The editor and publisher of independent travel magazine Wanderlust has accused the BBC of deliberately targeting her title by launching Lonely Planet magazine on the same day as it celebrates its 100th issue.

Speaking at a culture, media and sport select committee hearing in London this afternoon, Lyn Hughes claimed BBC Magazines – part of the corporation’s commercial arm BBC Worldwide – would launch Lonely Planet on 20 November, and accused the publisher of undercutting her advertising rates.

A BBC Worldwide spokesman today declined to comment on when Lonely Planet will launch.

Describing BBC Worldwide as an “out-of-control juggernaut”, Hughes told MPs: “I would question why any travel magazine would be launching at this time. Our advertisers are finding it tough.

“No other magazine publisher would be launching a travel magazine at this time. They’d be completely daft.”
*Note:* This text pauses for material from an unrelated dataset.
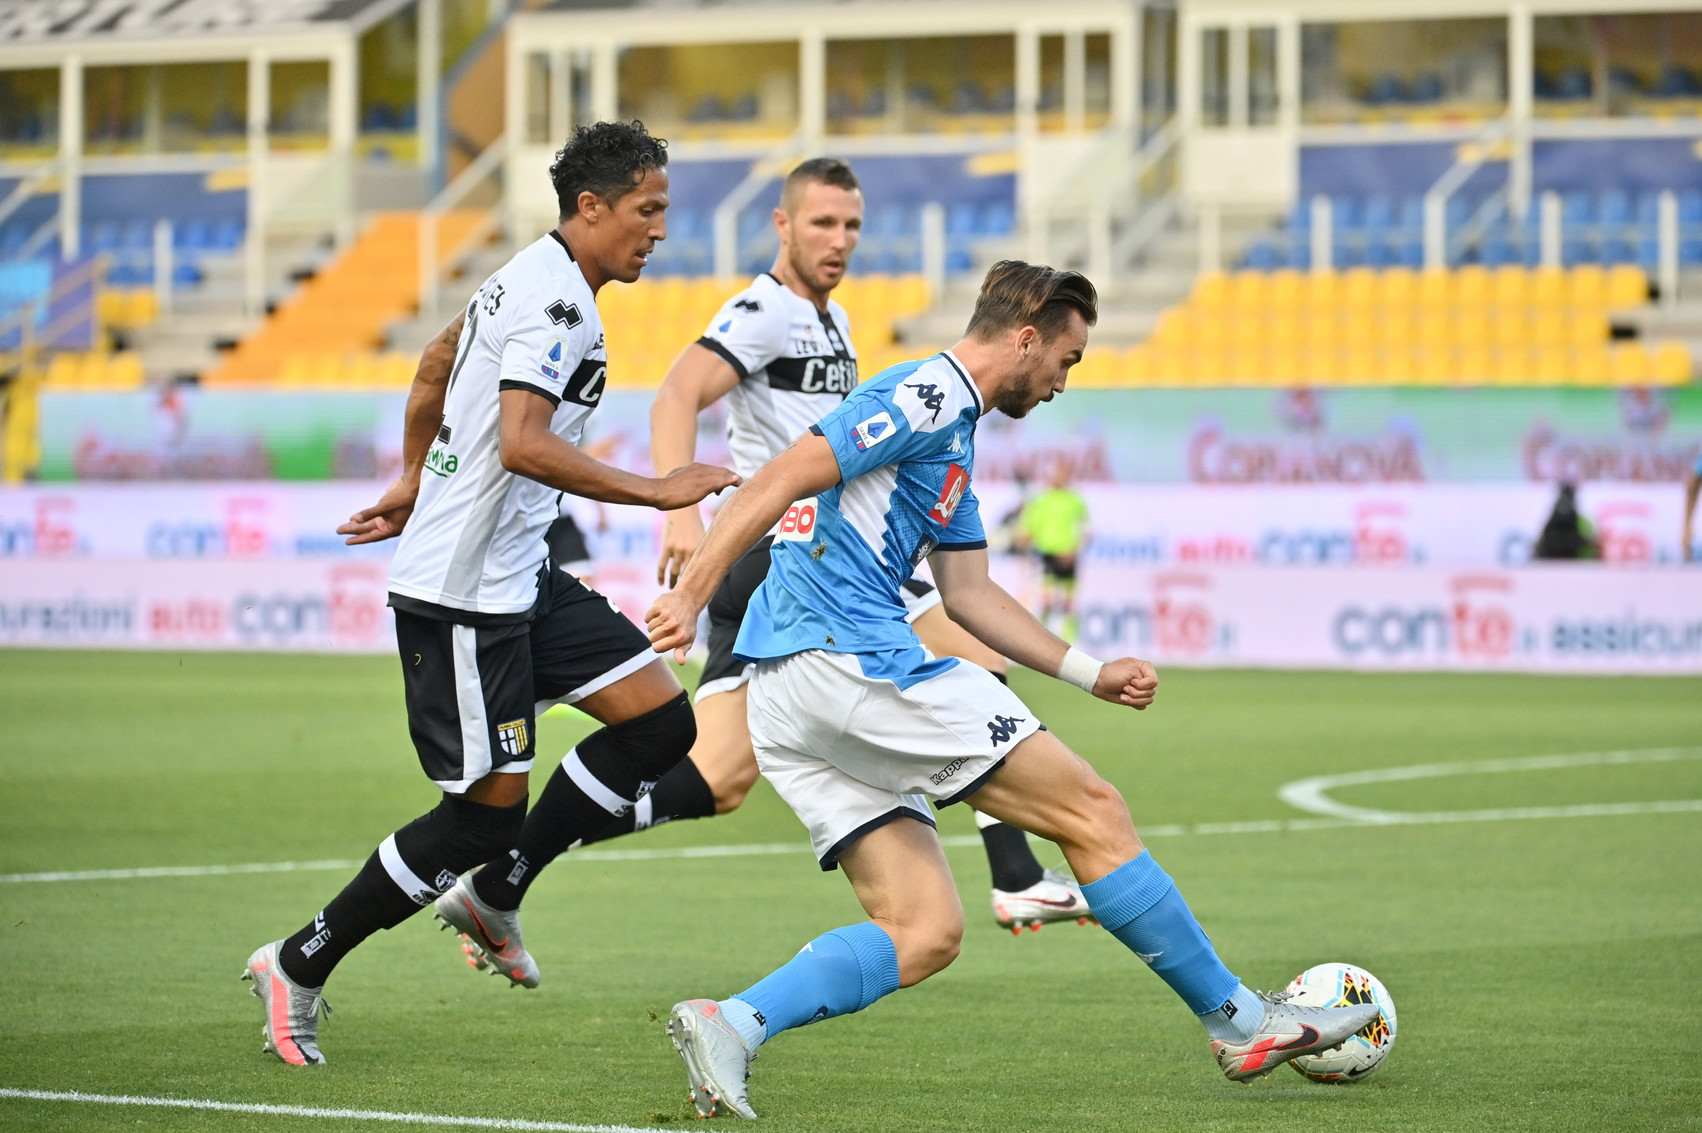 Al Tardini partita decisa da tre calci di rigore: a quello di Caprari risponde Insigne, poi quello di Kulusevski chiude il match a favore degli emiliani.

She added: ‘Why is the BBC launching one at the worst possible time? I can only think they’re smug. They don’t need to make money. They can carry this magazine for the next few years. That’s definitely unfair competition.

‘This must be fairly deliberate how they targeted us. They are phoning round my advertisers and they are undercutting our advertising rates. I really don’t see how they’re going to make any profit

‘BBC Worldwide used to argue that its magazines were in support of TV programming. They do not have a Lonely Planet TV programme, so why are they launching a Lonely Planet magazine. How on earth can that be justified?”

BBC Worldwide bought a 75 per cent stake in travel publisher Lonely Planet for an undisclosed sum last year – a move which has angered some of the BBC’s commercial rivals, who claim Worldwide is entering into territories that are not linked to the BBC’s core public service remit.

Guardian Media Group chief executive Carolyn McCall told the select committee that the BBC was ‘risking licence fee-payers’ money’by taking a stake in Lonely Planet.

‘I don’t understand why they were allowed to buy something like that,’she told MPs. ‘At the moment I think Lonely Planet is losing money. It’s questionable in the current climate whether it would make money.

‘We’re used to competition with the BBC. The issue for us is Worldwide’s boundaries have got so blurred.”

Time Out chairman Tony Elliott added: ‘When they take quantum leaps into areas which have nothing to do with the BBC as a broadcasting entity you have to ask yourself what’s going on here.

‘They are the co-publishers of Hello magazine which they license in India. I just do not understand what that has to do with the BBC. They will argue that makes money but it clear is not what they should be doing.”